Australia legalises psychedelics for mental health

  • > MDMA - also known as the party drug ecstasy - is a synthetic drug that acts as a hallucinogen.

    This is misleading. It's 3,4-Methylenedioxymethamphetamine, an amphetamine and a stimulant. It has minor psychedelic effects and no one in their right mind would consider it a hallucinogen.

  • It's nice to hear, in principle.

    Also expensive.

    The requirement that, for the entire (up to 8-10 hour) duration of the trip, a suitably qualified therapist be on hand, must dictate that each non-trivial dosage under this regime will have a ticket price of several thousand dollars per-time.

    It's one of the catch-22s in medicine. That a poor person on the street can have the same experience for $50 as a rich person has for $5000, with the difference in cost being the literal $4950 more of specialists and testers and monitors and side experts that the rich person is paying for. For reasons, yes, but that doesn't change the numbers, the fact that for every one of the latter there are 10 of the former.

  • But marijuana is illegal most places in Australia.

    So young people who want to get high have to go to drug dealers who also offer meth and other drugs.

    Thanks, conservative Australian politicians.

  • This sounds great on paper, but there's a devil lurking in the detail:

    > The regulator says there are currently no approved products that contain MDMA or psilocybin. However the reclassification means psychiatrists will be able to access and legally supply certain medicines that contain them, even if they have not been evaluated for safety or effectiveness.

    How exactly is this supposed to work then? Are psychiatrists supposed to order MDMA/psilocybin directly from the companies that produce the two for research use, which presumably involves fearsome bureaucracy and markups?

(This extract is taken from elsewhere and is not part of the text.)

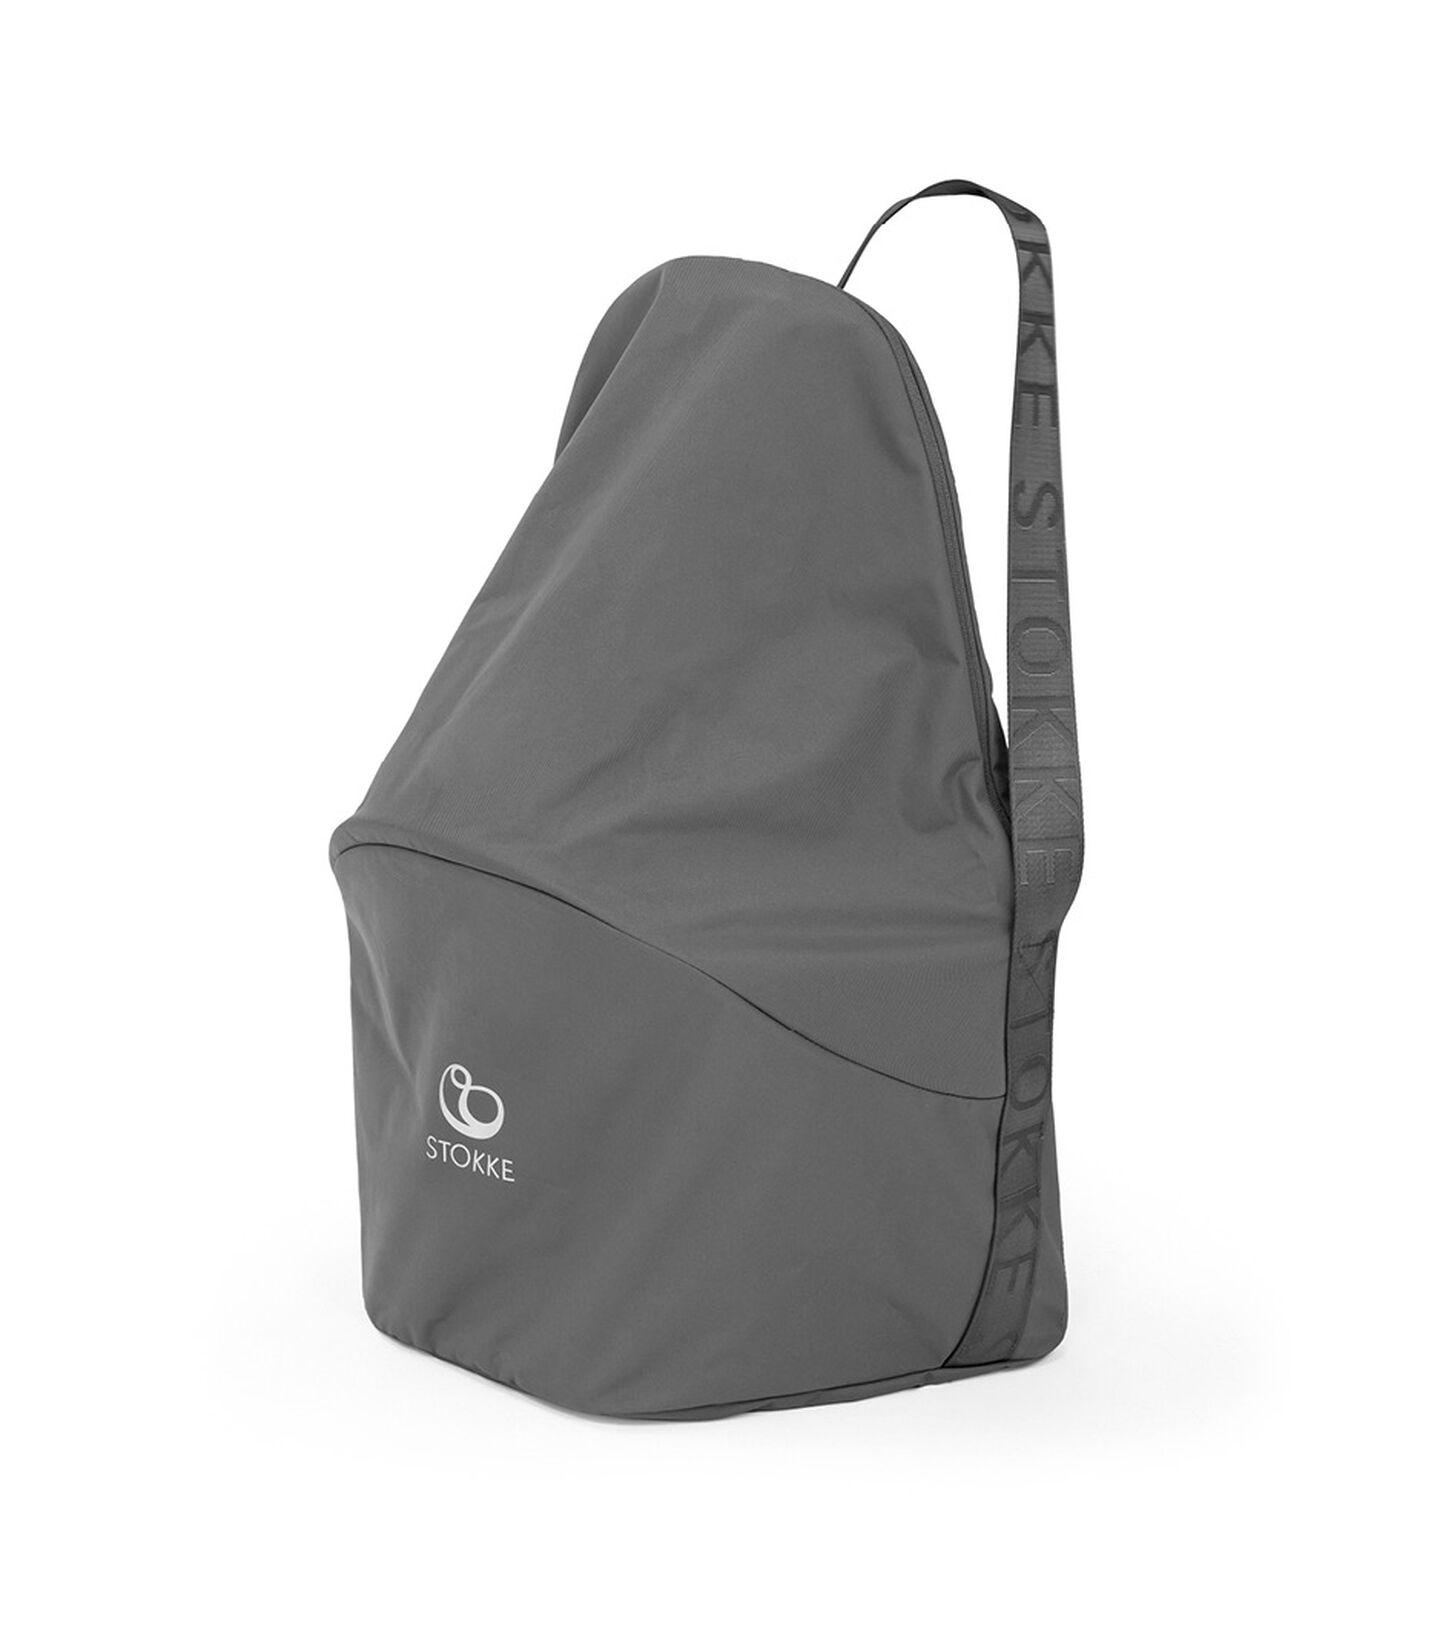 Stokke® Clikk™ Travel Bag Dark Grey, Gris foncé, mainview view 1

    It sounds like this would make the law effectively a dead letter until a regular pharma company goes through the Australian approval process and gets the drugs into pharmacies. Medical marijuana in Australia has suffered from similar issues, with an onerous approval process in many states making it very difficult to get a prescription.

  • That's great !! Aussie rock should be precribed along with psychedelics for better results

  • > Experts say there is still the risk of a "bad trip", which is when the user has an unpleasant experience while under the influence of drugs.

    All psychiatric treatments have a risk of a bad experience, including talk therapy.